The eight-carriage train was packed with some 480 people heading down the east coast for the annual Tomb Sweeping Festival, a four-day public holiday.

The Taiwan Railways Agency said 146 passengers were sent to hospital in addition to the 50 confirmed dead. A French national was among those killed while two Japanese and one Macau resident were injured.

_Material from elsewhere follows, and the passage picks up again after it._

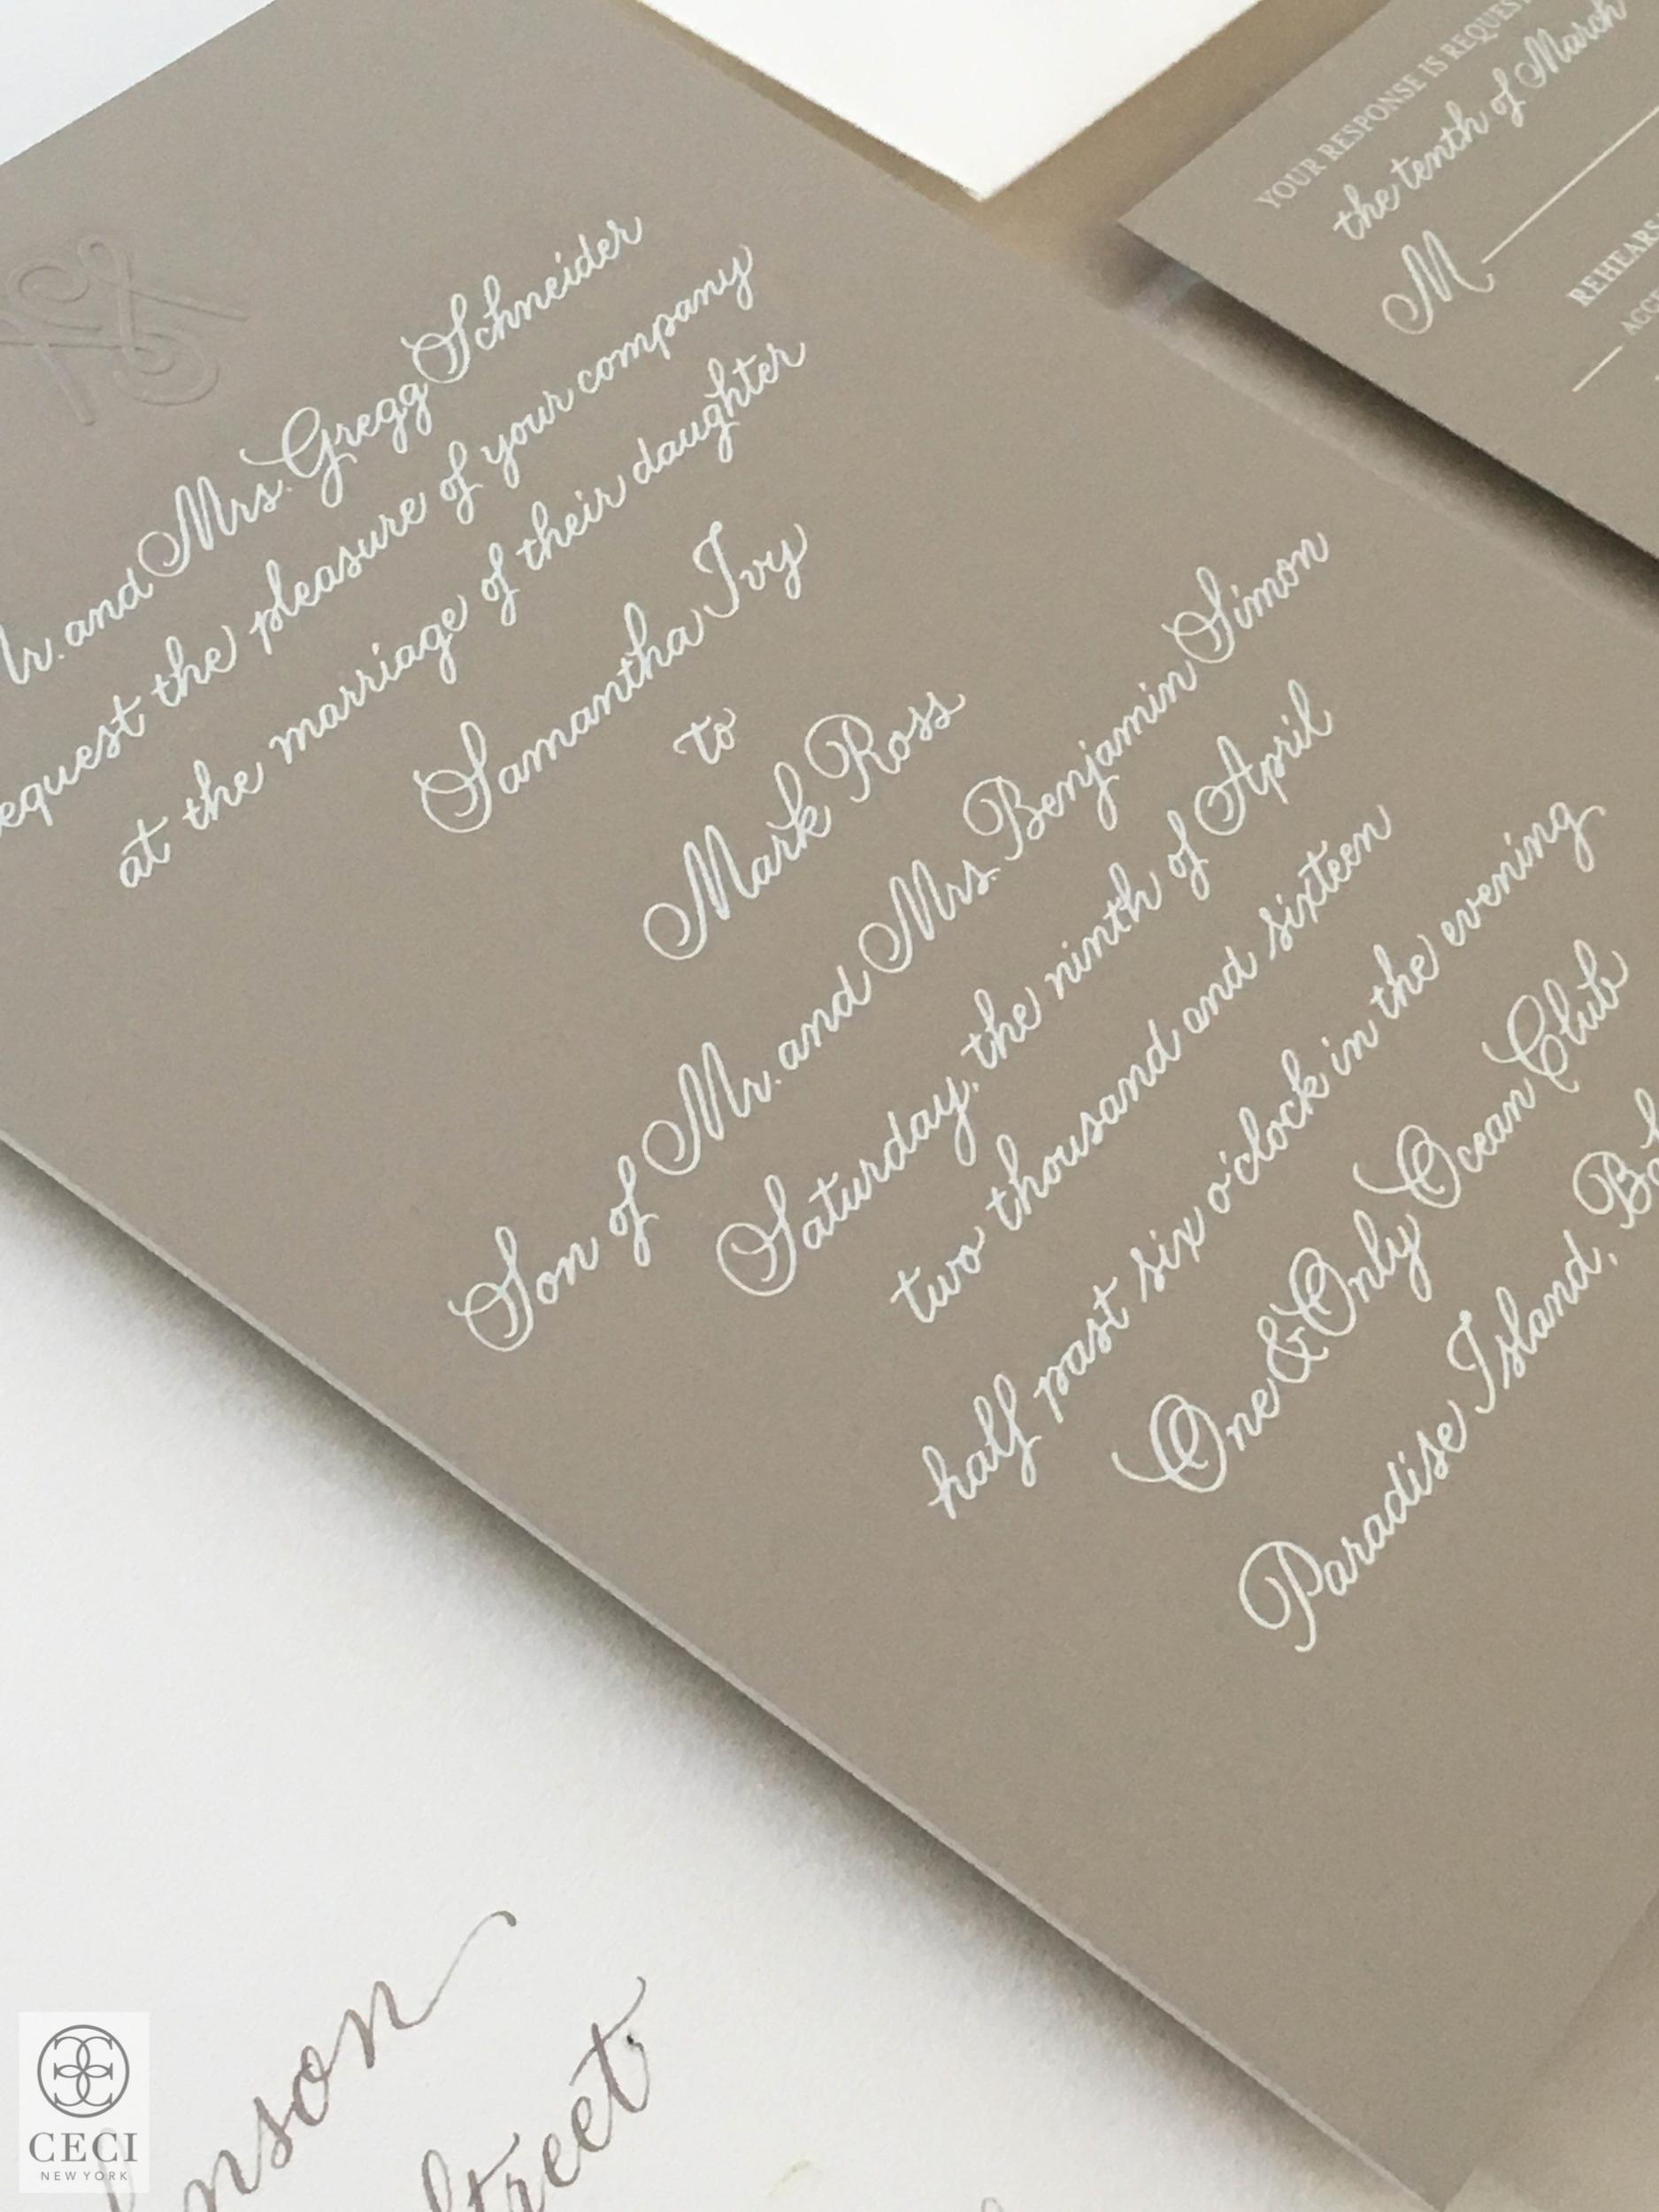 Ceci_New_York_Ceci_Style_Ceci_Johnson_Luxury_Lifestyle_Paradise_Island_Bahamas_Wedding_Engraved_Inspiration_Design_Custom_Couture_Personalized_Invitations_--6.jpg

A previous statement from the agency gave a death toll of 51. One unnamed female survivor told TVBS news channel of trapped passengers — some crying out for help, others unconscious.

The accident occurred on Taiwan’s eastern railway line around 9:30 am (0130 GMT).

Pictures published by local newspaper UDN showed the front of the train inside the tunnel had been pulverised into a twisted mesh of metal.

Rescuers worked for hours to reach those trapped inside the tunnel and haul them out, using buzzsaws to slice through warped sheets of metal.

President Tsai Ing-wen visited an emergency response centre in the capital Taipei, and said investigators would get to the bottom of how such a deadly crash could have occurred.

“We will definitely clarify the cause of the incident that has caused major casualties,” she told reporters.

“I hope the deceased can rest in peace and the wounded can recover soon.”

Footage released by the Taiwan Red Cross showed specialists with helmets and headlights had to use the roof of the stricken train to reach people inside the narrow single-track tunnel.